Dr. William Hoffman also credits Dr. Bob with influencing his opinions of health care. As a medical student at Georgetown University, Hoffman worked in Ortonville to complete his medical rotation with Dr. Bob. He watched Dr. Bob care for a longtime patient in her home. She had been in hospice for a week, when her family phoned to request Dr. Bob look after her at their home, and Dr. Bob graciously agreed. Dr. Hoffman said, “While a large medical facility might have offered state-of-the-art technology and interventions, the patient was better off in her rural community…that had a well-supported hospital and family physicians who had spent their careers in the community.”
Dr. Bob hasn’t shortchanged his own family, either. He’s a dedicated husband, father, foster parent, and church member. His wife, Mary, says he always encouraged her to pursue her own interests. And, Mary says,” He is the kind of dad who would drive the car into the backyard so the headlights could extend the fun the neighbor kids were having playing football. He attended all our sons’ sporting events and concerts.”
Dr. Bob’s son agrees, “I never once thought Dad’s work interfered with him prioritizing us kids.” Dr. Bob’s before-school basketball program is another example of his ability to spread the wealth. Every school morning from 6:30 a.m. until 8 a.m. for seven years he supervised basketball practice to encourage kids to stay busy and physically fit. It was a way for him to spend more time with his own young sons, but he also ended up reaching hundreds of other children.
He chaperoned, coached, and provided transportation to area basketball tournaments. He provided athletic camp scholarships and volunteered as a referee. (You might remember seeing him at the gym in his surgical scrubs.) He sponsored and chaperoned high school basketball and golf teams to Arkansas, Nebraska, New Mexico, New York, Texas, and Wyoming. Plus, he volunteered as the sideline physician at Trojan football games.
Somehow, Dr. Bob manages all this while seeing patients five days a week, delivering 1472 babies, and mentoring students from the University of Minnesota Medical School Rural Physician Associates Program and the University of North Dakota’s Rural Opportunity Medical Education.
Dr. David Collins, partner and former student, sums it up by saying,” Dr. Bob lives, breathes, and doctors Ortonville.”
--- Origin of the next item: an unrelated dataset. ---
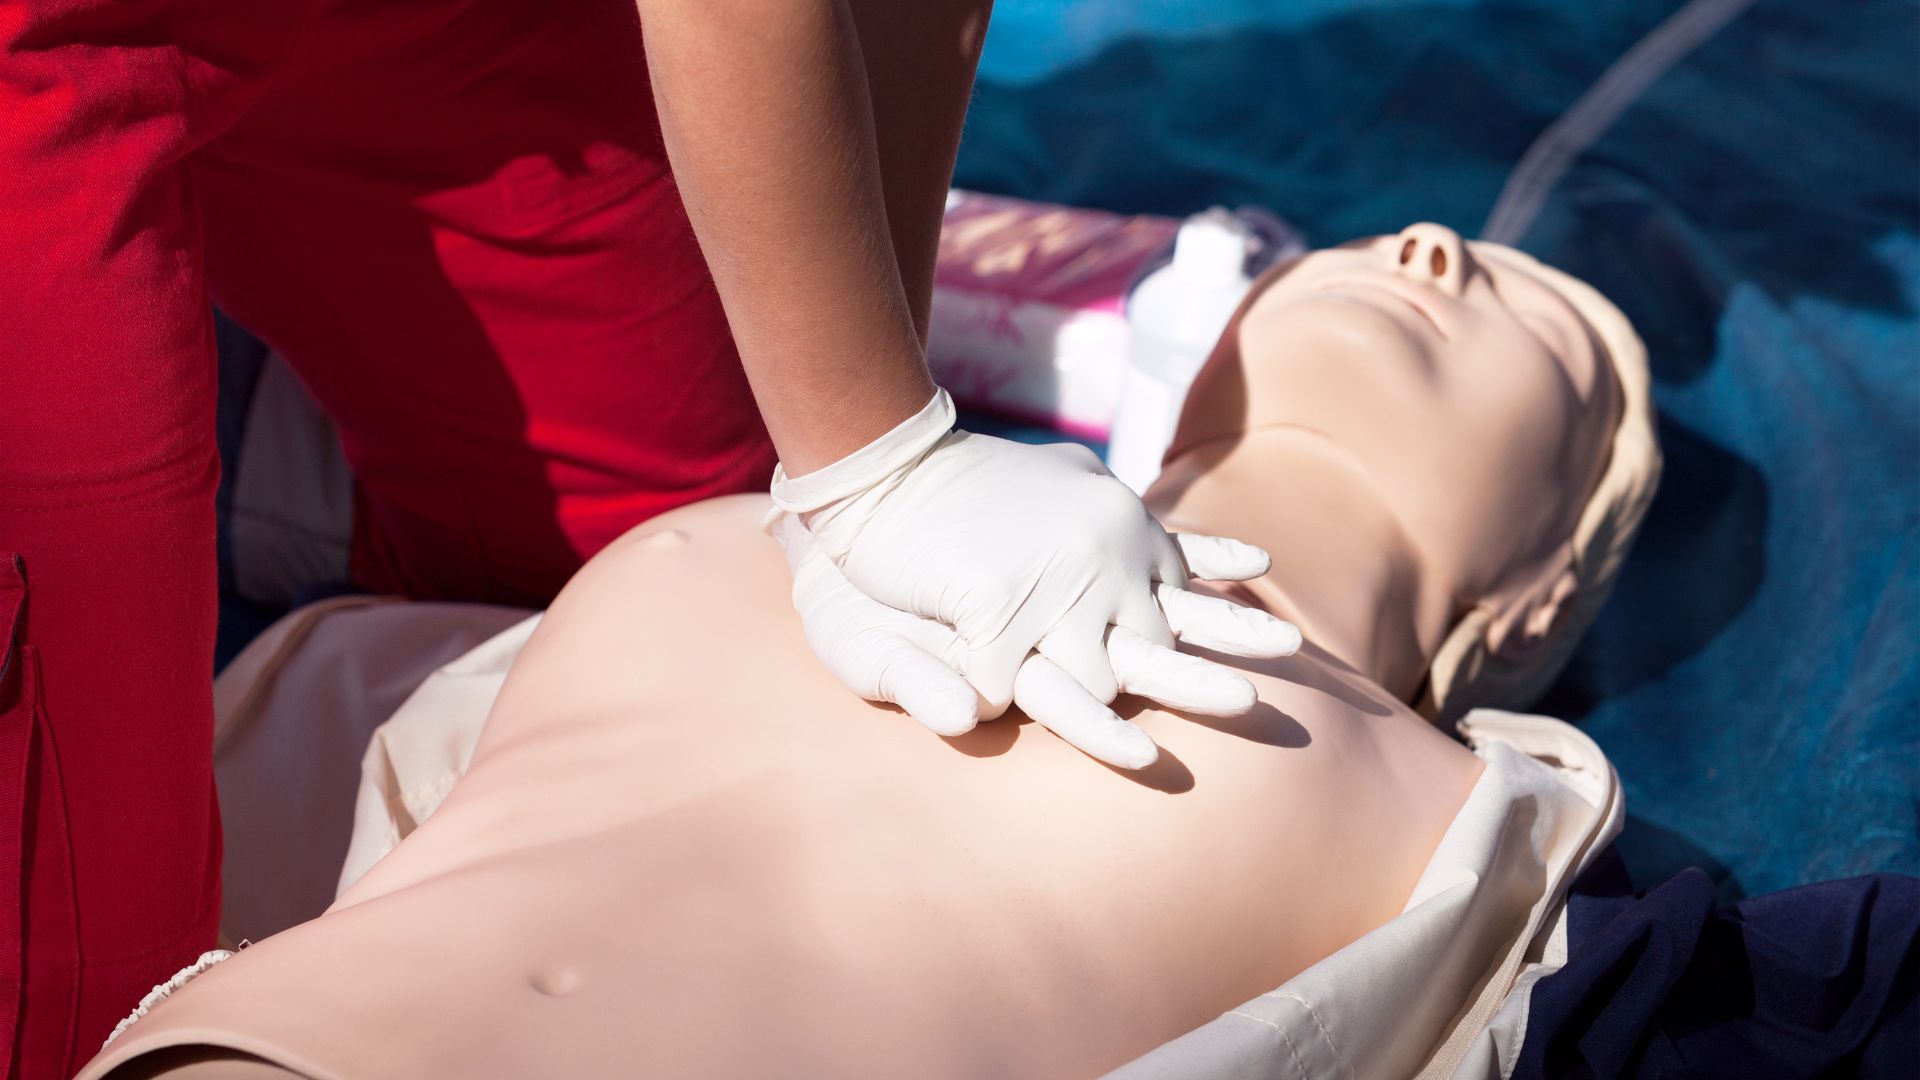 How to stay safe from pathogens when preforming CPR

See for yourself. Pick a day, any day. You’ll find Dr. Bob, dressing a wound, consoling a patient’s family, buying scrubs for an employee who can’t afford them, walking an elderly patient to their car, or even knocking on a door to make an old-fashioned home visit, and occasionally he eats and sleeps. We’re just not sure when.
Submitted picture: Dr. Bob with his grandson Cane Ross accepting the award in Duluth.
Bottom picture is Dr. Bob speaking at this years annual community picnic celebrating the 30th Anniversary of the Foundation.